=== Exercise data ===

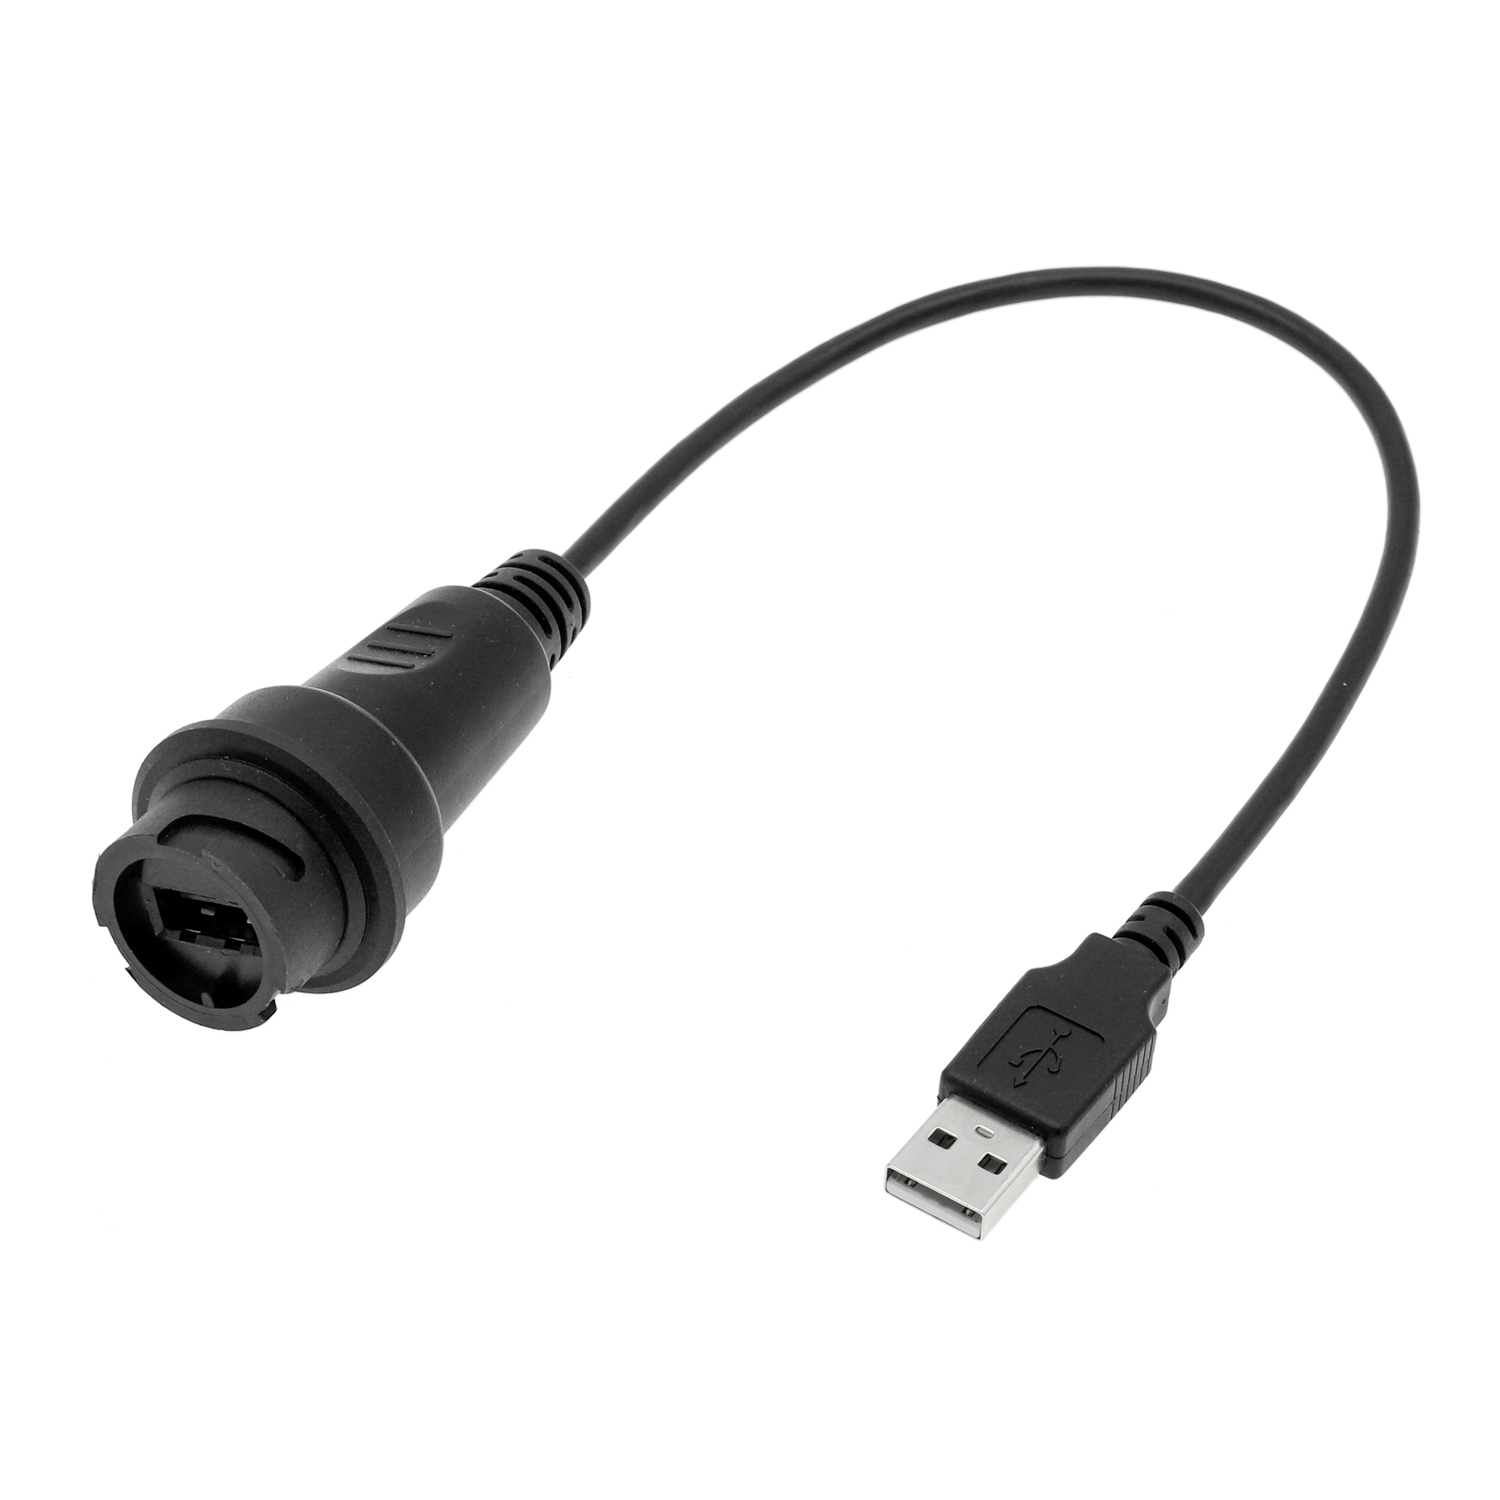 HDMI Cable to USB A Male Waterproof Connector for Automobile 
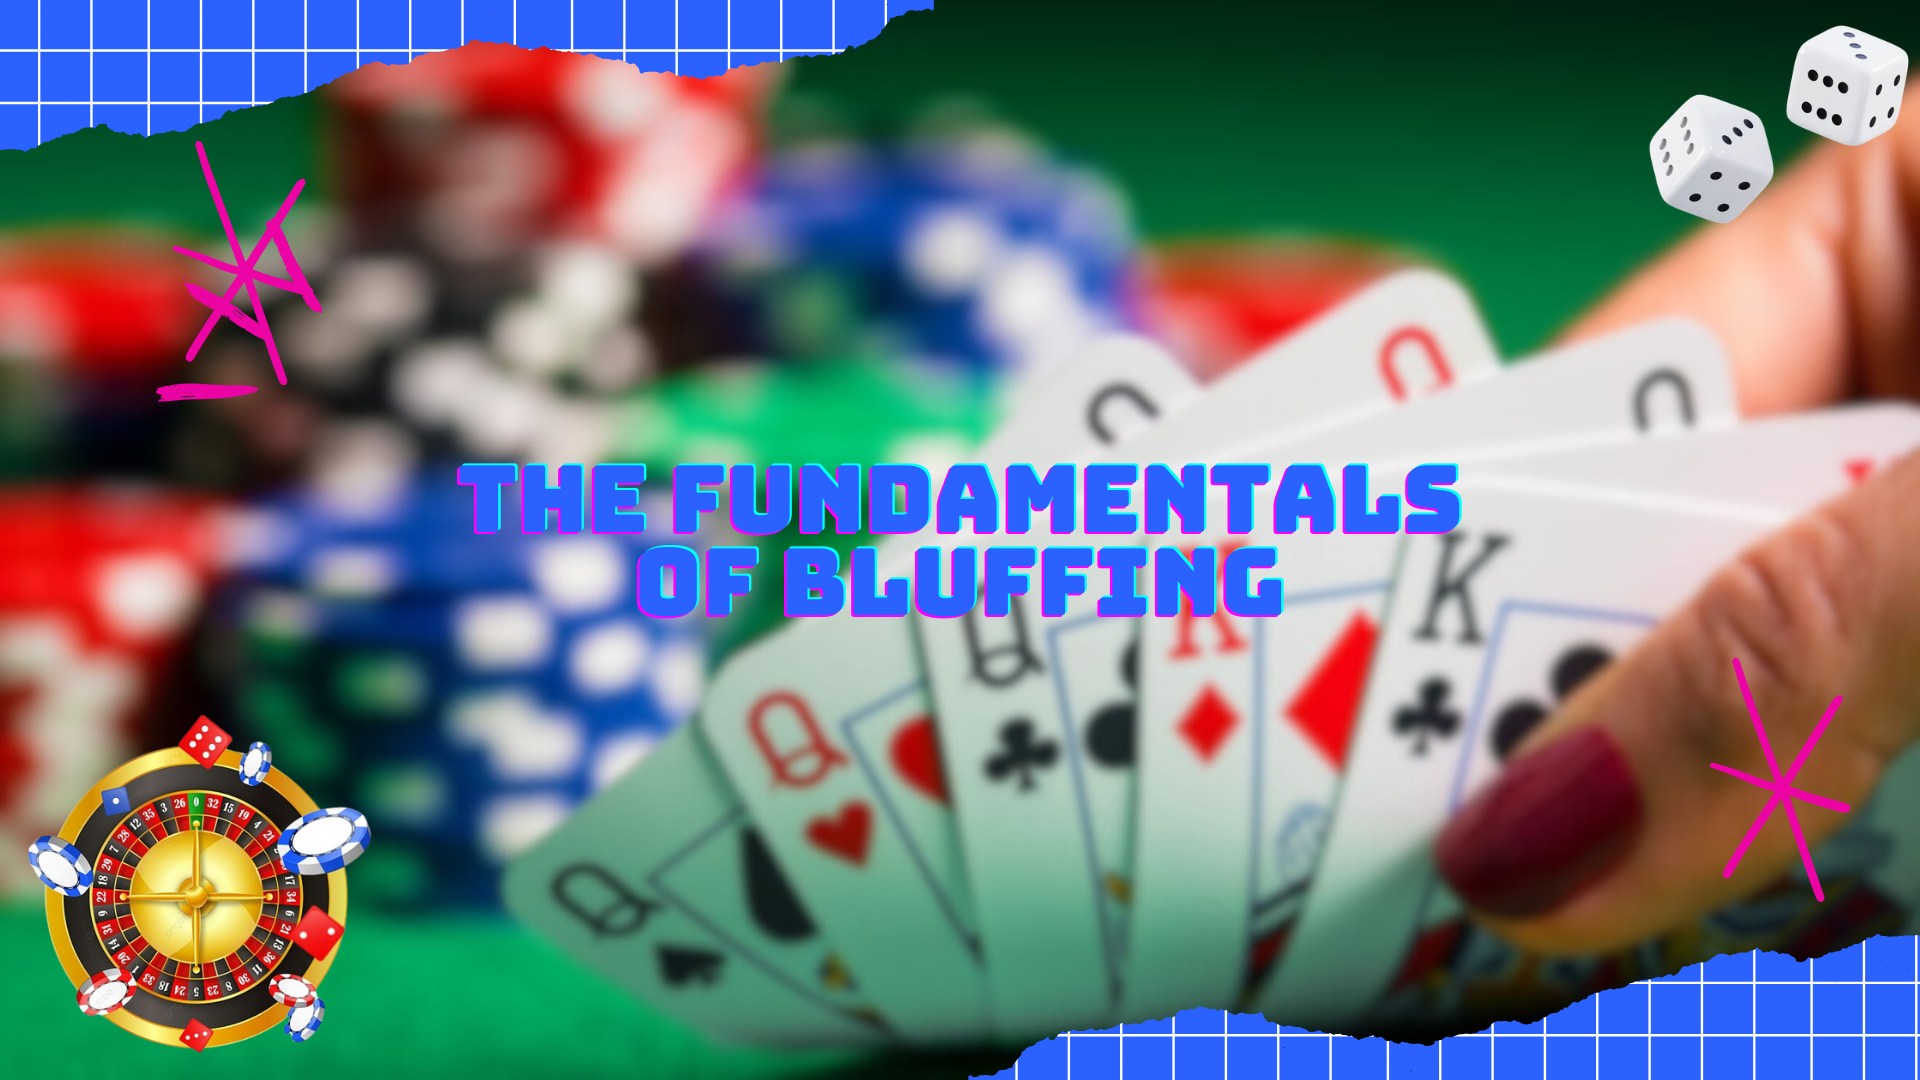 The Fundamentals of Bluffing
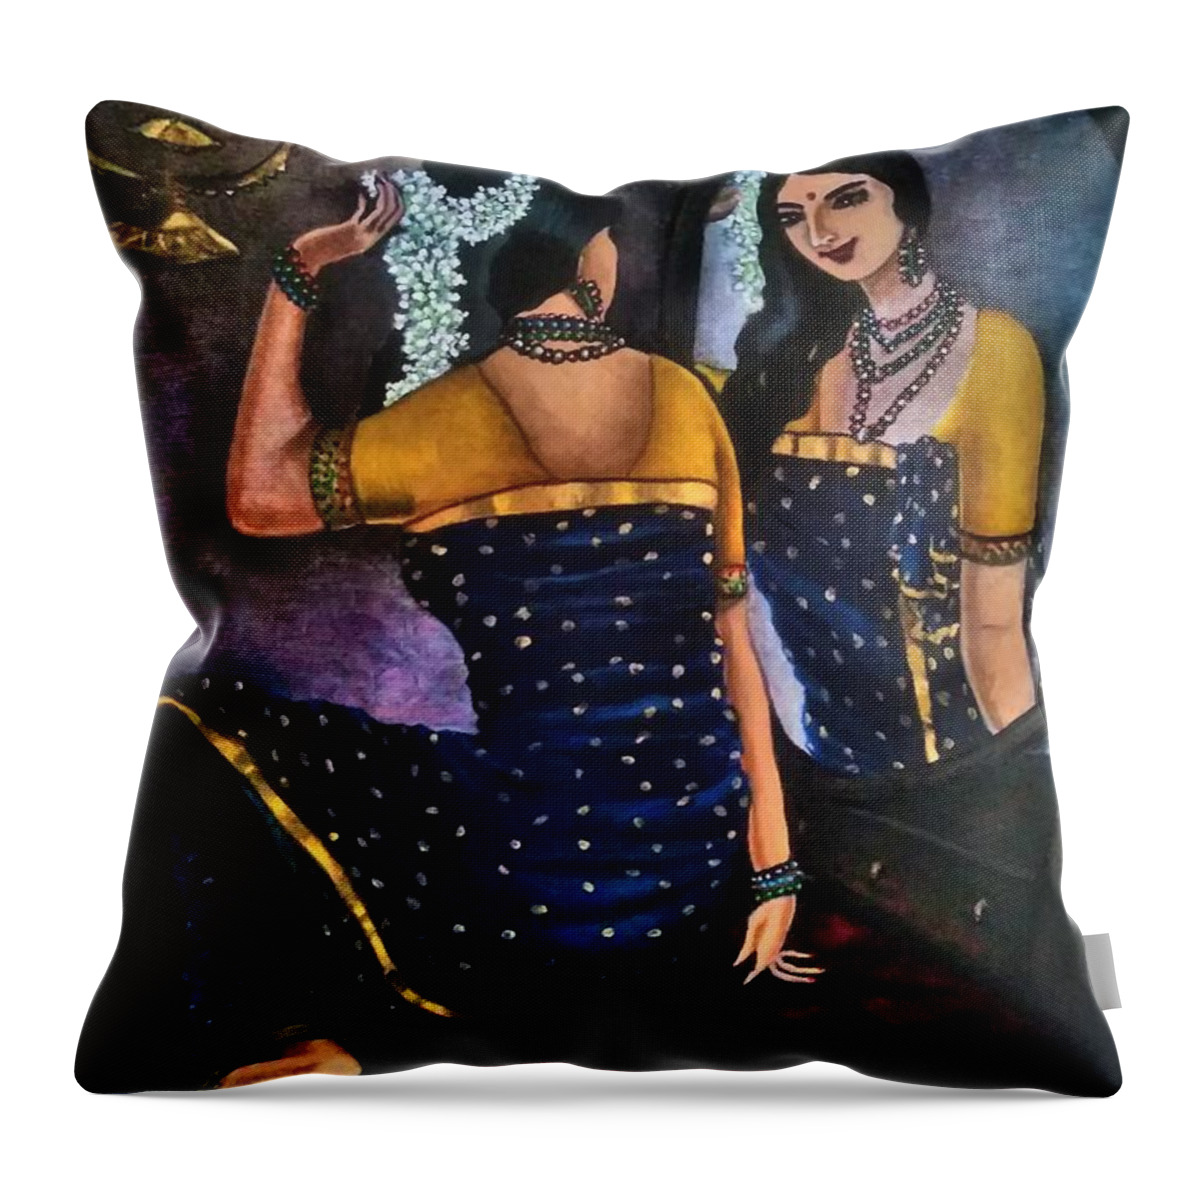 Woman Throw Pillow featuring the painting Woman in front of mirror by Tara Krishna

===

--- Exercise instructions ---
Please give back every line above exactly as it stands, without pictures.

--- Your response ---
 HDMI Cable to USB A Male Waterproof Connector for Automobile 
 The Fundamentals of Bluffing
 Woman Throw Pillow featuring the painting Woman in front of mirror by Tara Krishna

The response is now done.